President's Corner - Whole Genome Sequencing Variant Files for Decision Support
Published on
About two years ago, I met with some leaders of a large Midwestern healthcare system. I gave them my standard pitch about the value of clinical whole genome sequencing (WGS). They responded with the usual “that’s nice” words, but then one bright woman asked, “but what will we do with the data?” Super question, which I will address here and in upcoming posts.
First, what data should we store? Not everyone agrees, but I think we should store the raw sequence data. Not because I think that the raw data will be used as input for clinical decision support, but rather because analysis and interpretation of the raw data will steadily improve over time. Raw data files are large and will cost non-trivial amounts to store, but if aggressively compressed, this can and should be done.
But what data will be used as input for decision support? It has to be a clean, accurate lists of variants, or the patients will be harmed. Garbage in; garbage out. This is where the labs come in. The raw vcf files that are output from programs like the GATK variant analysis software are full of junk. This is intentional. To avoid missing true variants, we cast a wide net and catch a lot of false, artifactual variants. It must be the job of the labs to retain the true variants but remove the junk.
This is not an easy task. To an extent, this can be accomplished by careful computer processing of the sequence data. However, computer analysis alone is insufficient. Extensive validation of these results using orthogonal lab methods and carefully selected controls will need to be performed. Each clinically relevant paralogous gene, for example, needs to be examined individually to determine which variants are from the functional gene and which from pseudogenes.

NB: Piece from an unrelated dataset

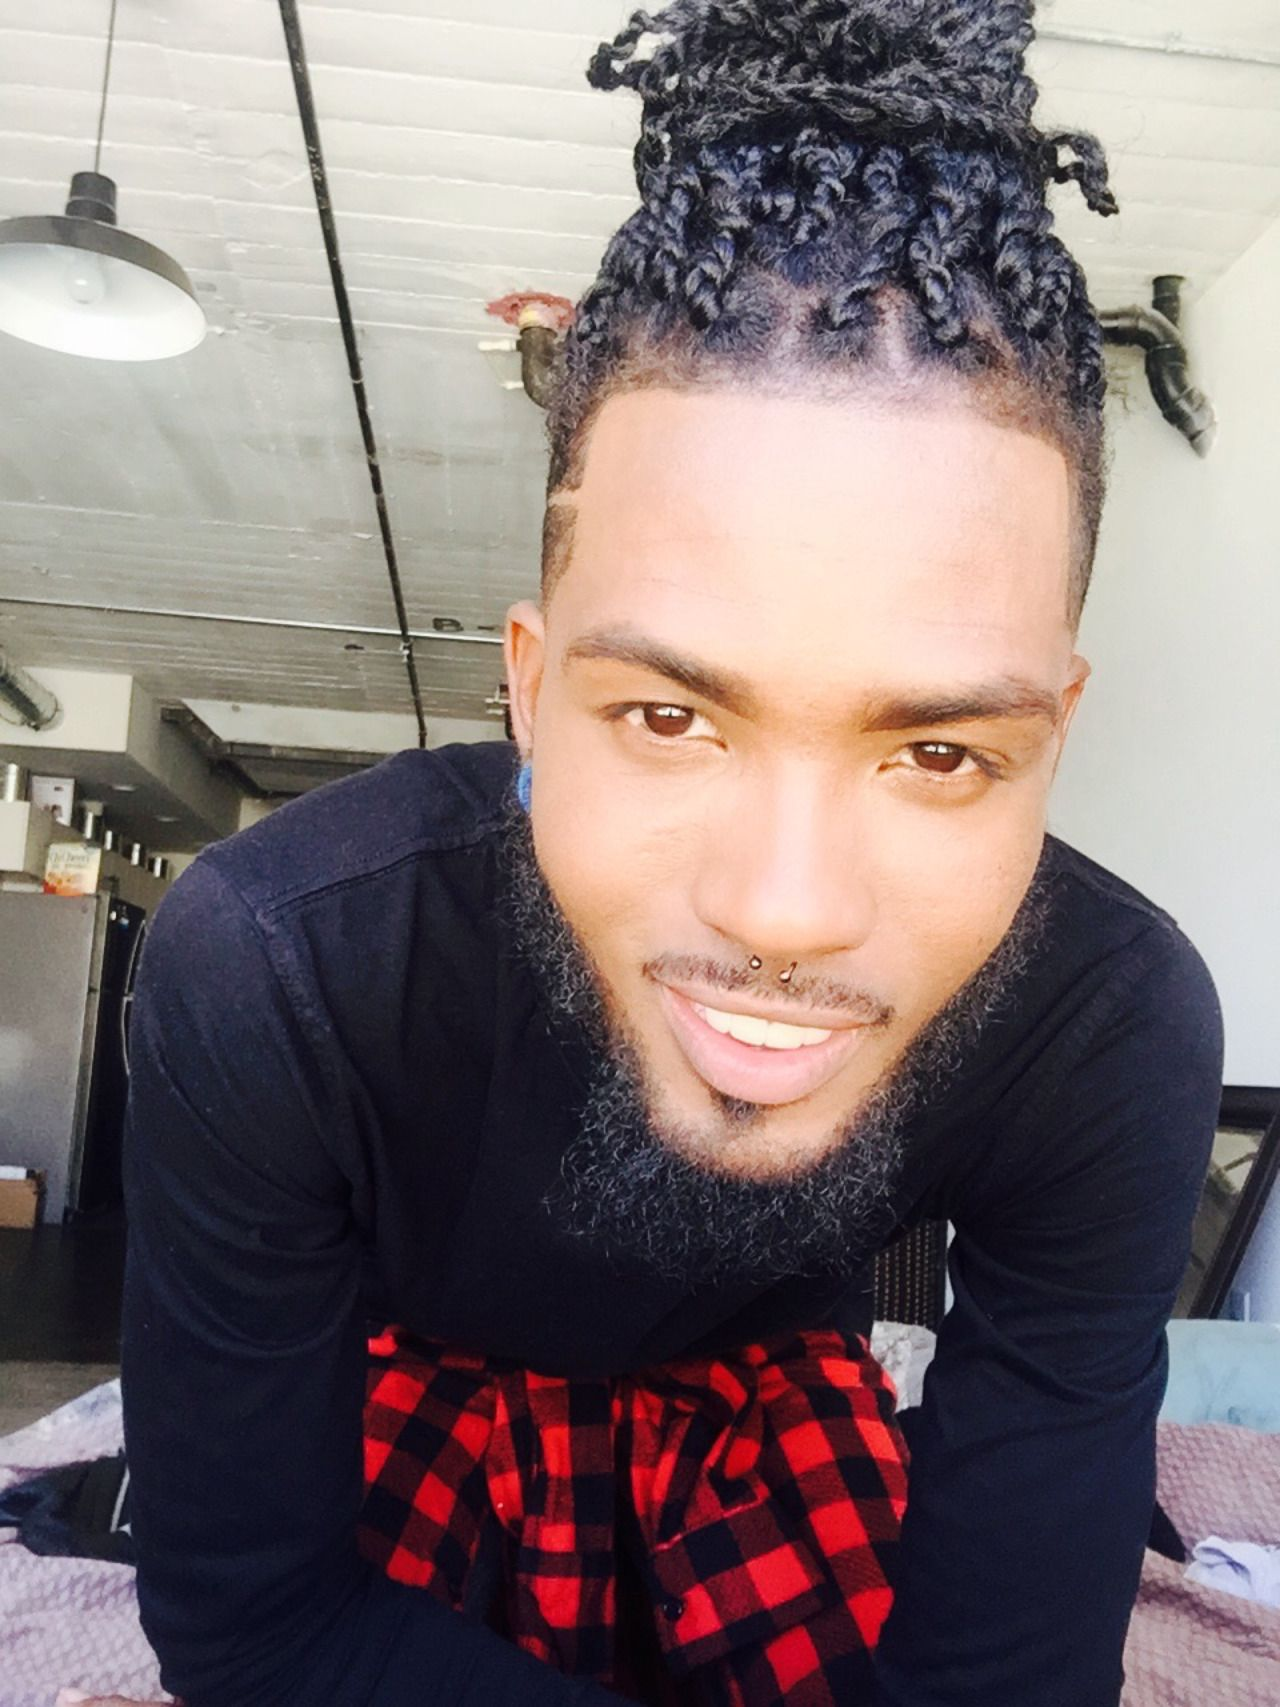 Black men hair line images colors as well hair studio design ideas - Black Men Are Beautiful

To effectively utilize WGS data in health care, sophisticated decision support software will need to be developed. These programs will require WGS variant data in a standard format as input. Variant call format (vcf) files are the current standard, but default vcfs lack information that is essential for clinical applications. For example, ACMG interpretations will need to be added to the variants, so (in most cases) only clinically relevant variants are presented to providers and patients. In addition, information needs to be appended specifying which segments of the genome were sequenced to sufficiently high quality to be used as input in decision support. It will take considerable work to set a standard file format and to include the essential information, but this is certainly an achievable task.
It’s our goal at PreventionGenetics to produce version 1.0 of a clean WGS variant file by the end of 2021. This will be another important step in making population level clinical WGS a reality.